- _What to do_
Return each entry exactly, with none missing.

- _Exercise materials_

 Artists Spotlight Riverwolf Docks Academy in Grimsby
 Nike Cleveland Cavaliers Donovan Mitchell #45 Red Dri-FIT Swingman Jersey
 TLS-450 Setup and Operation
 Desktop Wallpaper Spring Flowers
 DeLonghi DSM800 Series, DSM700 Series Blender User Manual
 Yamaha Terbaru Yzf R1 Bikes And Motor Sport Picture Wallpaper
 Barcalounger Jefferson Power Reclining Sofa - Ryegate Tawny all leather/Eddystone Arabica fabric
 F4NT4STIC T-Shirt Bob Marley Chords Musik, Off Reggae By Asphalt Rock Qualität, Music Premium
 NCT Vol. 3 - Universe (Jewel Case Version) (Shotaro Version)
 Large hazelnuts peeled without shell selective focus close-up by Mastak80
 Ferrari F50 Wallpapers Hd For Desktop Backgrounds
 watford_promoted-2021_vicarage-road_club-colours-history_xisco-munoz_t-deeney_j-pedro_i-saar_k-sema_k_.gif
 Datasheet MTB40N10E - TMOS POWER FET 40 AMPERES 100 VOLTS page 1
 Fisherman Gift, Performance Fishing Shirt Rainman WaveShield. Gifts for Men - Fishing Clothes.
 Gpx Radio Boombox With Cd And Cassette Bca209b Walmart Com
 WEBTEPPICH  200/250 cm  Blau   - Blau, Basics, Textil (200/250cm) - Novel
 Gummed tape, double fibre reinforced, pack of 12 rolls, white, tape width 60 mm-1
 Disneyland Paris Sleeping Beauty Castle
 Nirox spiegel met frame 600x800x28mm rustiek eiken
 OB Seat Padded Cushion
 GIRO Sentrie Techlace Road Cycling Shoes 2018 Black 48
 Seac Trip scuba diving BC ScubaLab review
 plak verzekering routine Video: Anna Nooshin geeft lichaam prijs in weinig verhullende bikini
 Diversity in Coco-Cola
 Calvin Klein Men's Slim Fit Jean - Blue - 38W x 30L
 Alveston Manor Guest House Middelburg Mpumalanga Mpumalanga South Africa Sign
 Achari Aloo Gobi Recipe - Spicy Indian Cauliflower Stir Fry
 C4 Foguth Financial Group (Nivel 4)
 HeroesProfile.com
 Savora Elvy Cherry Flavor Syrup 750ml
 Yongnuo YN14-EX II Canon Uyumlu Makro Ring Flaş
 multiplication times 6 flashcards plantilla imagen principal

- _Answer box_
 Artists Spotlight Riverwolf Docks Academy in Grimsby
 Nike Cleveland Cavaliers Donovan Mitchell #45 Red Dri-FIT Swingman Jersey
 TLS-450 Setup and Operation
 Desktop Wallpaper Spring Flowers
 DeLonghi DSM800 Series, DSM700 Series Blender User Manual
 Yamaha Terbaru Yzf R1 Bikes And Motor Sport Picture Wallpaper
 Barcalounger Jefferson Power Reclining Sofa - Ryegate Tawny all leather/Eddystone Arabica fabric
 F4NT4STIC T-Shirt Bob Marley Chords Musik, Off Reggae By Asphalt Rock Qualität, Music Premium
 NCT Vol. 3 - Universe (Jewel Case Version) (Shotaro Version)
 Large hazelnuts peeled without shell selective focus close-up by Mastak80
 Ferrari F50 Wallpapers Hd For Desktop Backgrounds
 watford_promoted-2021_vicarage-road_club-colours-history_xisco-munoz_t-deeney_j-pedro_i-saar_k-sema_k_.gif
 Datasheet MTB40N10E - TMOS POWER FET 40 AMPERES 100 VOLTS page 1
 Fisherman Gift, Performance Fishing Shirt Rainman WaveShield. Gifts for Men - Fishing Clothes.
 Gpx Radio Boombox With Cd And Cassette Bca209b Walmart Com
 WEBTEPPICH  200/250 cm  Blau   - Blau, Basics, Textil (200/250cm) - Novel
 Gummed tape, double fibre reinforced, pack of 12 rolls, white, tape width 60 mm-1
 Disneyland Paris Sleeping Beauty Castle
 Nirox spiegel met frame 600x800x28mm rustiek eiken
 OB Seat Padded Cushion
 GIRO Sentrie Techlace Road Cycling Shoes 2018 Black 48
 Seac Trip scuba diving BC ScubaLab review
 plak verzekering routine Video: Anna Nooshin geeft lichaam prijs in weinig verhullende bikini
 Diversity in Coco-Cola
 Calvin Klein Men's Slim Fit Jean - Blue - 38W x 30L
 Alveston Manor Guest House Middelburg Mpumalanga Mpumalanga South Africa Sign
 Achari Aloo Gobi Recipe - Spicy Indian Cauliflower Stir Fry
 C4 Foguth Financial Group (Nivel 4)
 HeroesProfile.com
 Savora Elvy Cherry Flavor Syrup 750ml
 Yongnuo YN14-EX II Canon Uyumlu Makro Ring Flaş
 multiplication times 6 flashcards plantilla imagen principal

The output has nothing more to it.